Eurypanopeus depressus, the flatback mud crab or depressed mud crab, is a true crab belonging to the infraorder Brachyura and the family Panopeidae. It is native to the western Atlantic Ocean and is often found in estuaries and lagoons, commonly living in close association with oysters.

==Description==
The flatback mud crab is a small species of crab up to 13 mm long with a noticeably flattened, oval carapace, with four blunt teeth on either side. In colour, this crab is dark olive brown or olive grey, often somewhat mottled, with dark brown limbs. One chela (claw) is much bigger than the other and the underside of the body and the limbs are a pale colour.

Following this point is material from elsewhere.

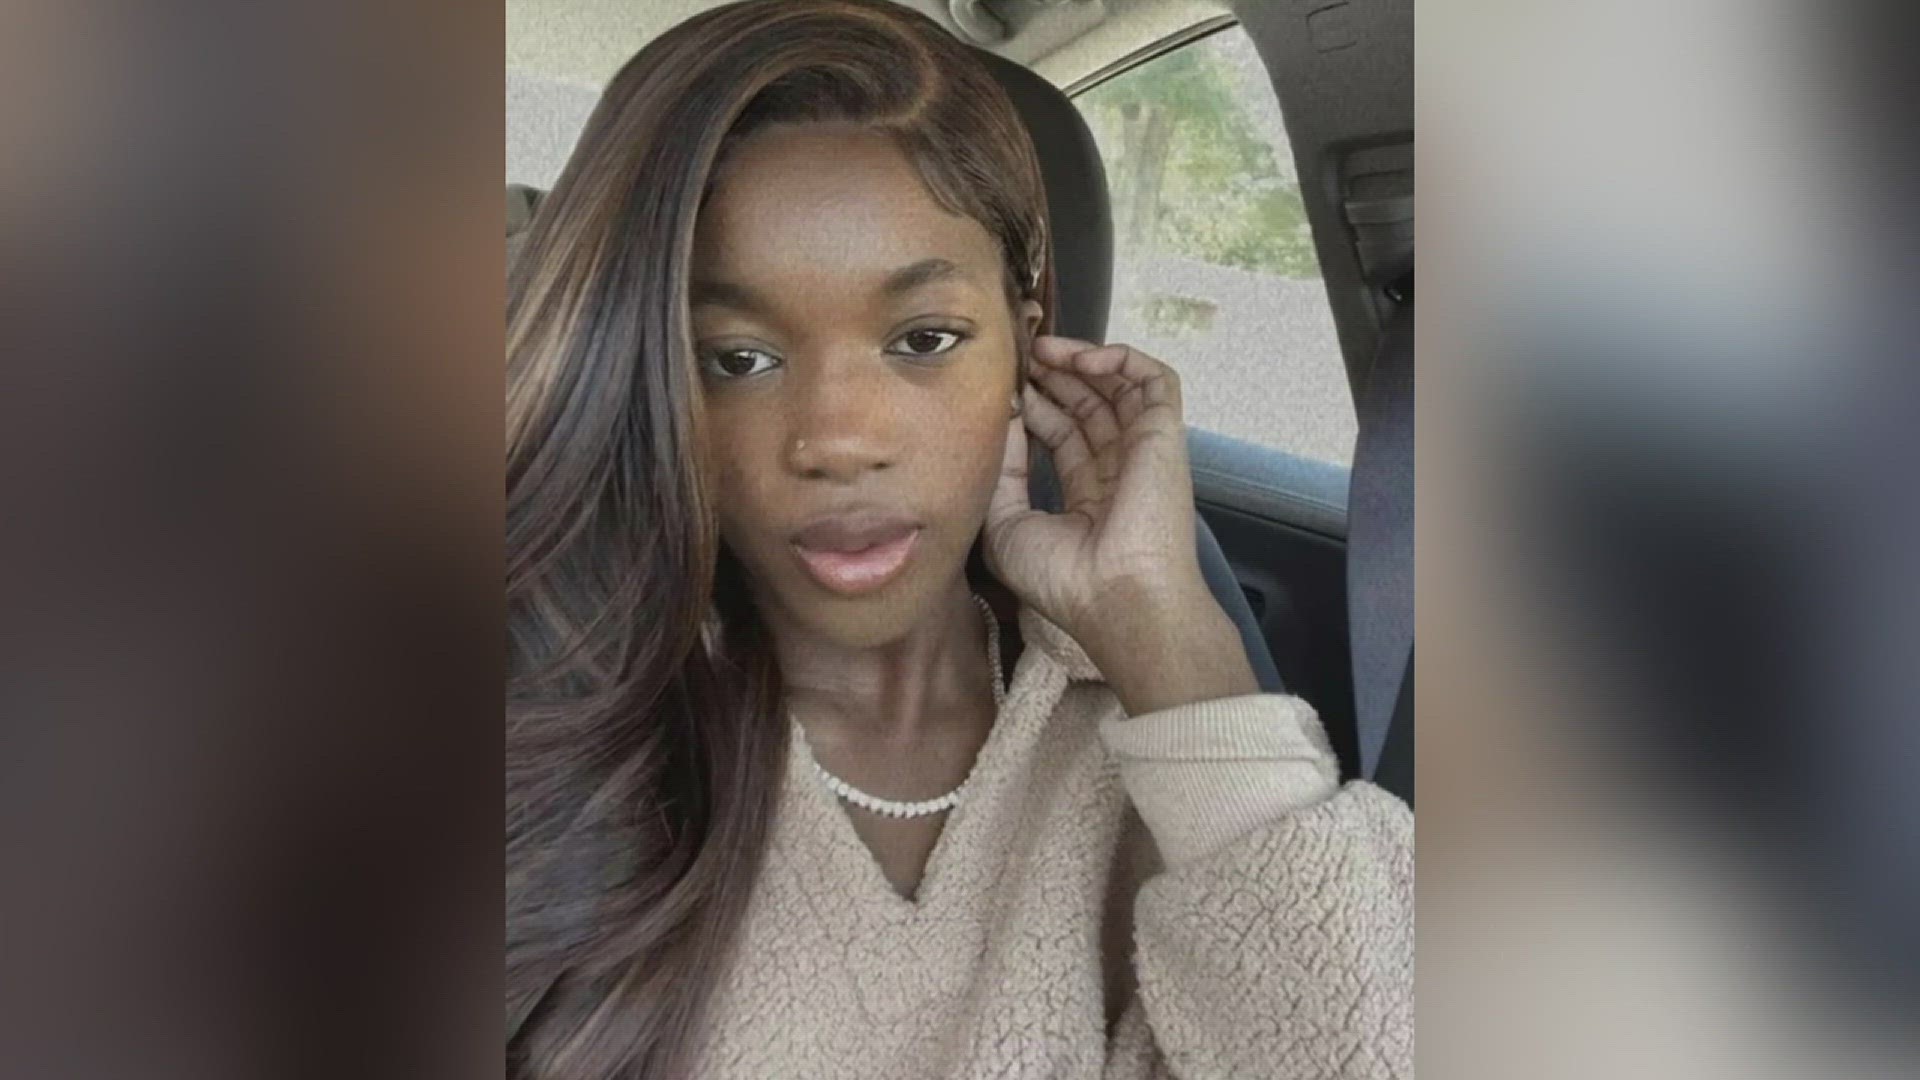 The body of Rosalin Lewis, 24, was found early Saturday morning after Jasper Police officers were called to the Myrtis Village Apartments at about 4 a.m.
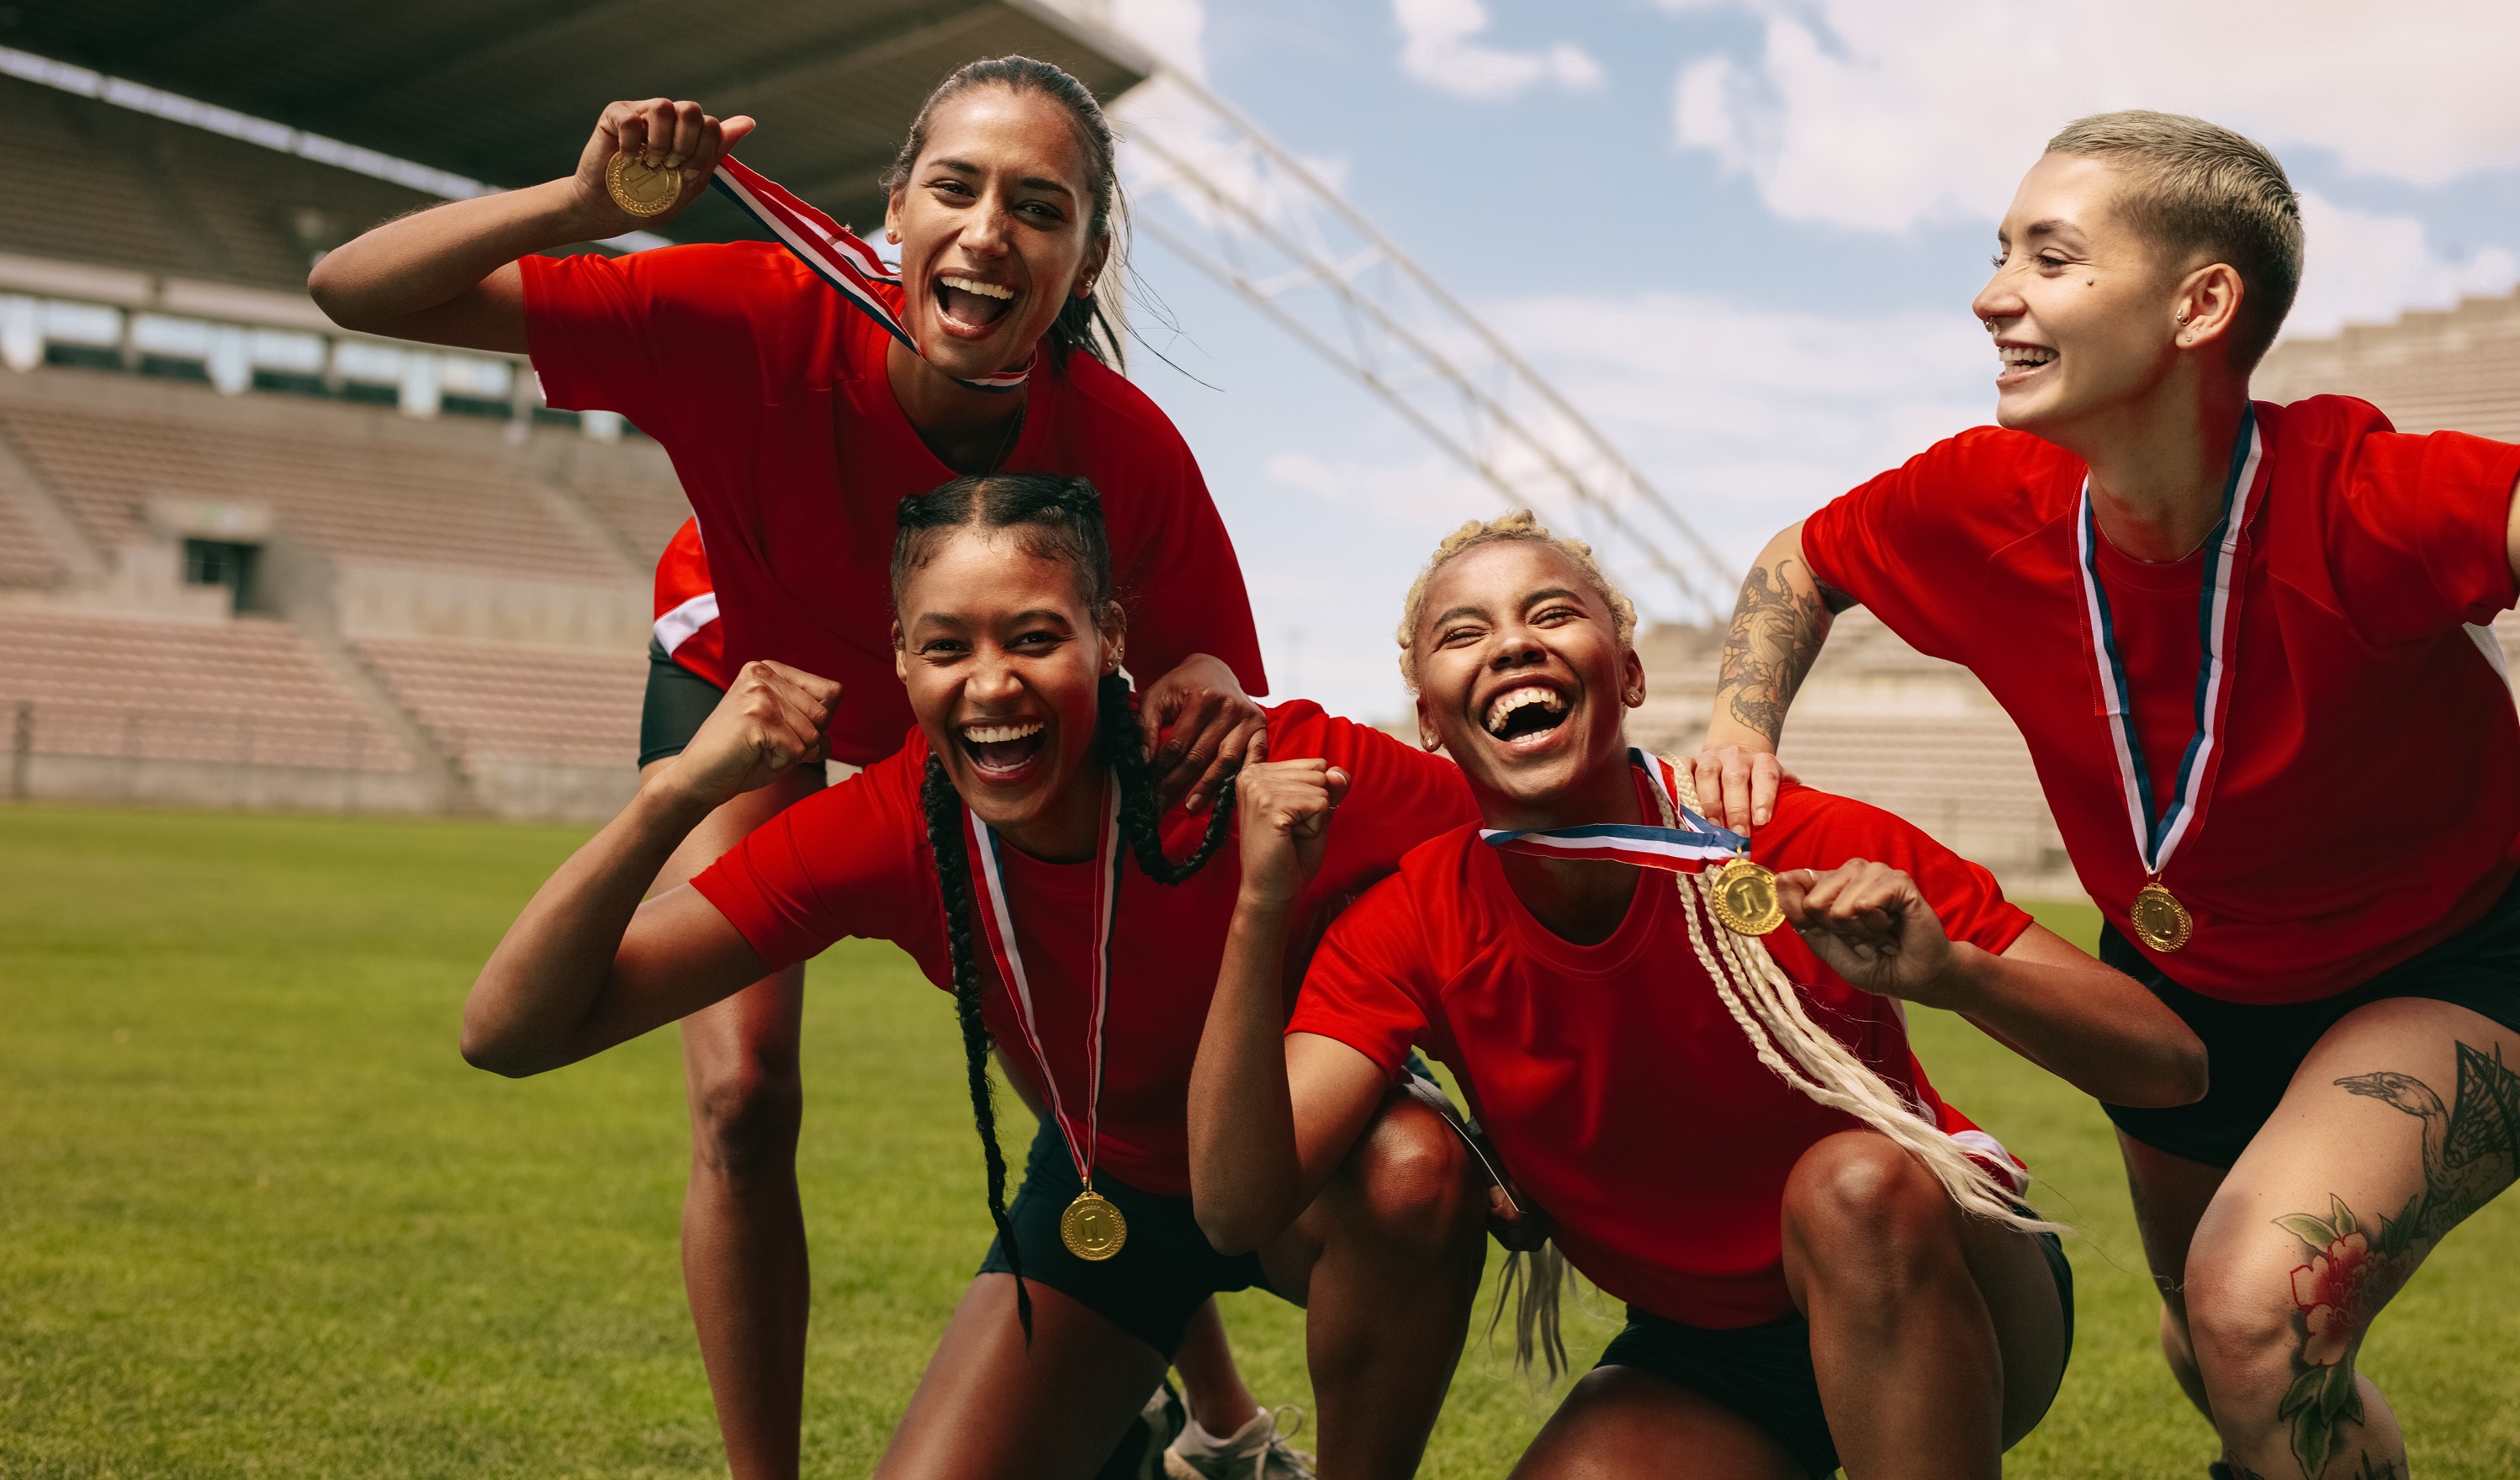 Four Smiling Female Athletes in Red Shirts and Black Shorts Standing on a Soccer Field with Medals Around their Necks

==Distribution and habitat==
The flatback mud crab is found in the sub-tropical and temperate waters of the western Atlantic Ocean. Its range extends from Massachusetts to Florida and Texas, the Caribbean Sea, Bermuda, the Dutch West Indies and Uruguay. It occurs in the intertidal zone and the shallow sub-littoral zone, down to depths of about 27 m. It is tolerant of water of low salinities and occurs in estuaries. It is common in the Indian River Lagoon. It is generally associated with oysters, hiding between them and inside their valves.

==Ecology==
This crab has an omnivorous diet which includes algae, detritus, oyster spats, polychaete worms, sponges, amphipods and other small crustaceans. When fully submerged it moves about on the substrate but when exposed by the retreating tide it conceals itself, being particularly associated with beds of the eastern oyster (Crassostrea virginica). It cannot withstand desiccation so it chooses moist places in which to hide. It shares its habitat with the black-fingered mud crab (Panopeus herbstii).

The flatback mud crab is sometimes parasitised by Loxothylacus panopaei, a species of parasitic barnacle that develops inside a host crab, extruding a brood sac that the crab then carries under its abdomen and treats as it would its own eggs.